Aled is a guest web-writer for EES. Aled is a PhD student working on new carbon-based porous materials for the Li-ion battery. He is currently based in Liverpool, but will be moving to Singapore for two years from April 2014. Outside of science, his interests include politics, sustainability and international development.

In his recent article in EES, John B. Goodenough gives his views on the challenges, limitations and future prospects of Li-ion battery technology – and how such technology can be used to promote a sustainable modern society.

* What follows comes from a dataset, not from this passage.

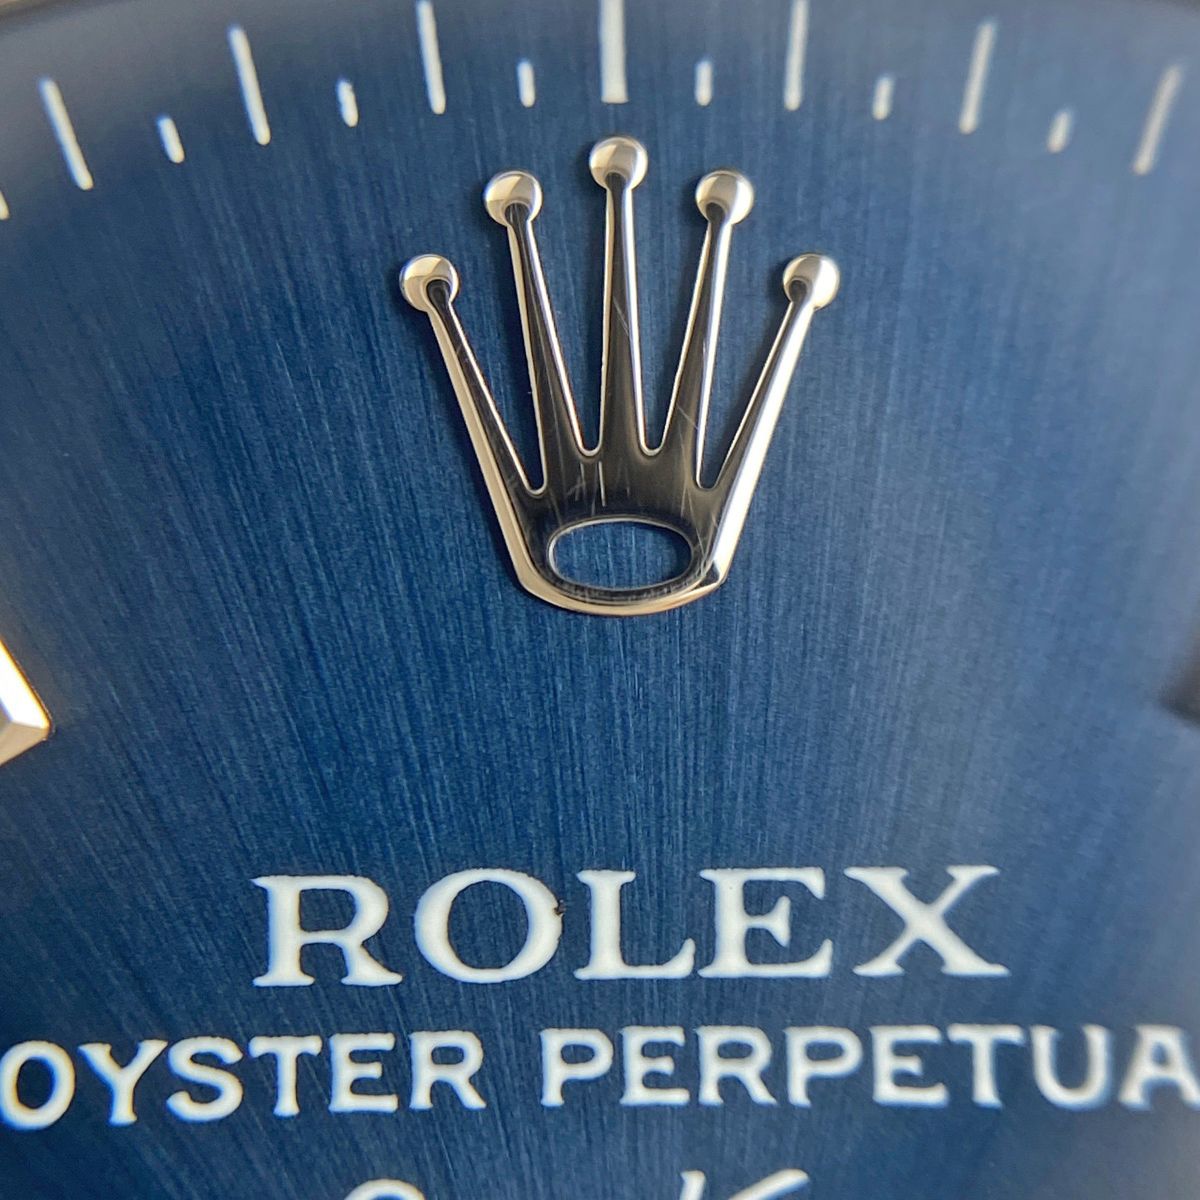 ロレックス ROLEX エアキング プレシジョン 14000 腕時計 SS 自動巻き ブルー ボーイズ 【中古】

Li-ion batteries have helped shape modern society by facilitating the wireless revolution; powering mobile phones, laptops and tablet-computers, as well as other portable electronic devices.

Advanced batteries are also helping facilitate the on-going green revolution, with technologies such as plug-in electric vehicles and grid-scale renewable energy storage heavily dependent on the performance of electrochemical energy storage systems.

In this interesting and informative article, John B. Goodenough gives a critical assessment of the current limitations of Li-ion technology, and highlights some developing strategies which may overcome these limitations.

He emphasises that, relative to current battery systems, improvements in terms of energy- and power-density, manufacturing cost, safety, and charging-time must be made before emerging green technologies, such as plug-in electric vehicles, can really take off.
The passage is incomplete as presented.